Remaining work is always an estimate.  Properly calculated, velocity is the sum of the effort estimates for the completed tasks for a period, and requires that the task estimates not be adjusted during the measurement period when the tasks are completed.  Velocity is meaningless if not used to project duration, therefore velocity must be in the same units as remaining work.  

If calculated this way it is not, as Glen suggests, a LOE measure, but much closer to EV, because it approximates the budgeted effort.  The thing about velocity that many project managers struggle with is that it is not precise, and it doesn’t contemplate many aspects of the project timeline, only team productivity.  I believe this is because agile disciplines are mostly focused on the behaviors of the team, and increasing/maximizing team productivity, and as a result, the delivery of value by the team.

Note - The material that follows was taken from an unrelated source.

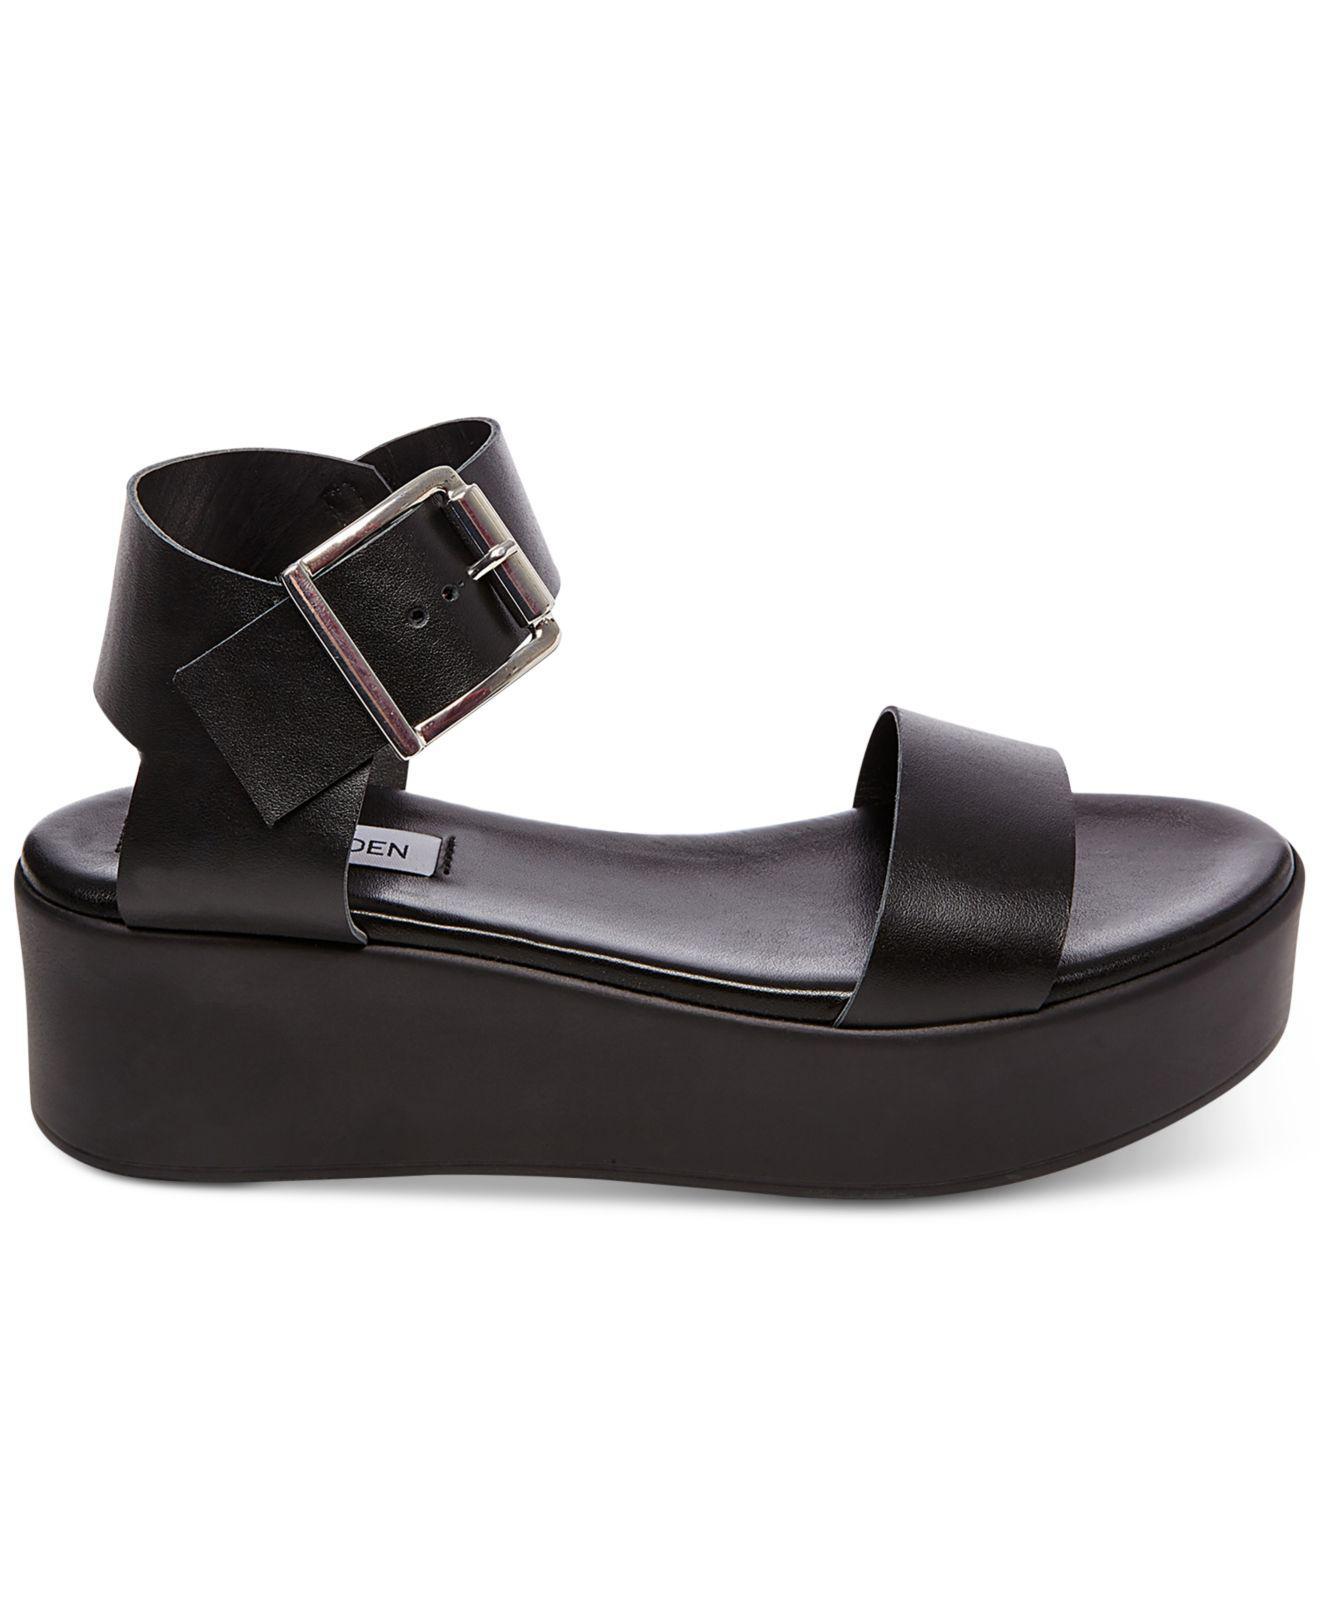 13294e7ce5d Steve Madden Black Recover Flatform Sandals

Here are some things that I have done with velocity (in combination with other measures):

  1. Working backward from an published end date and remaining work, assuming resource allocation is constant, we can calculate required periodic velocity – or the amount of work that must be completed per period (week?) on average to acheive completion by the end date.  I use this to ensure that we are planning (committing) to complete enough work each period (week) to stay on schedule.
  2. We can capture personal velocity metric to capture each team members average productivity, versus their own estimates.  I have measured velocity vs. committment to help team members plan more effectively, and to help the team re-allocate work to stay on target.  This is a great help to managers who want to coach developers into higher performance, on both development and estimation.  

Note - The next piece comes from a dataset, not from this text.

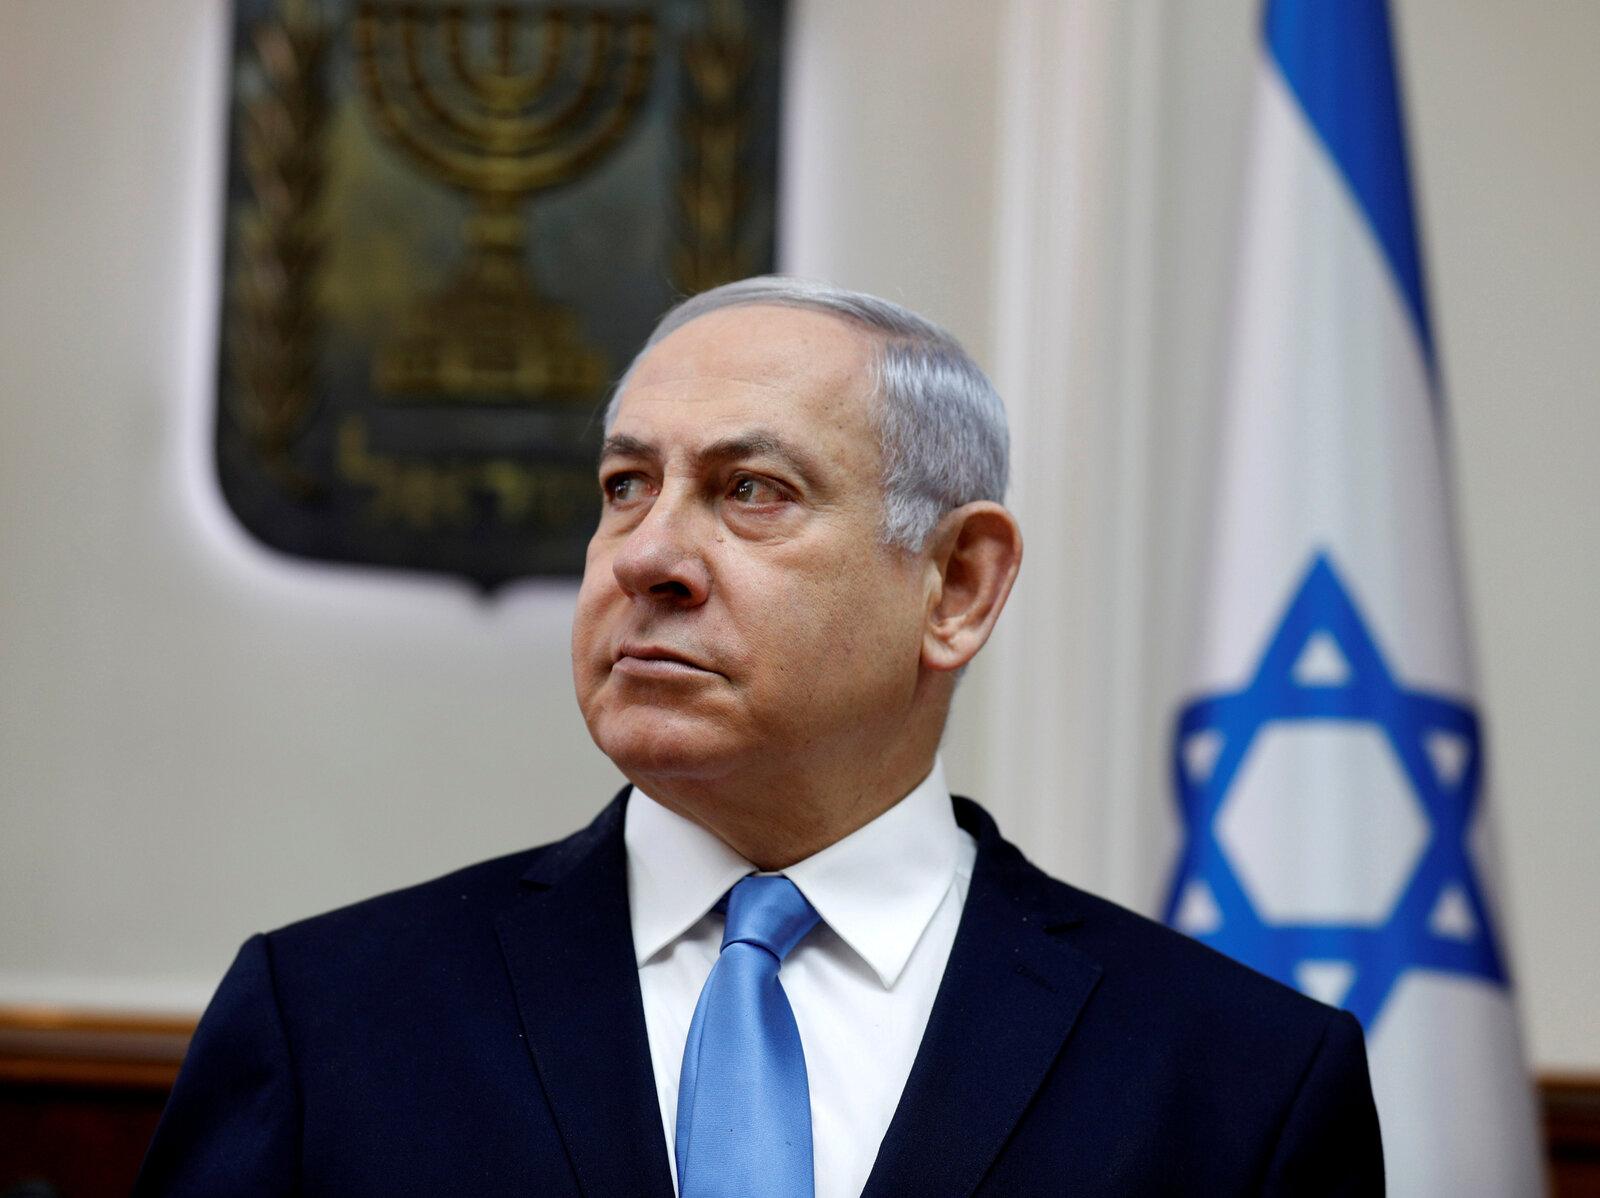 netanyahu-israel-election-647a09faeee3fc35183c2ede303347515b206013-s1600-c85.jpg

In my experience, velocity alone is insufficient for many projects, as it doesn’t really contemplate the complexity of external dependencies, interactions between teams, etc. When these factors are in play additional measures can be devised or adopted to present conditions where the project is at risk.  When my team is largely in control of the project and there are fewer connections and dependencies, I have experienced the benefit of this simple measure (velocity) because it is easy to understand, and difficult to fake out.  These two factors allow a development of trust between project manager and team and a focus on solutions (adjusting the plan).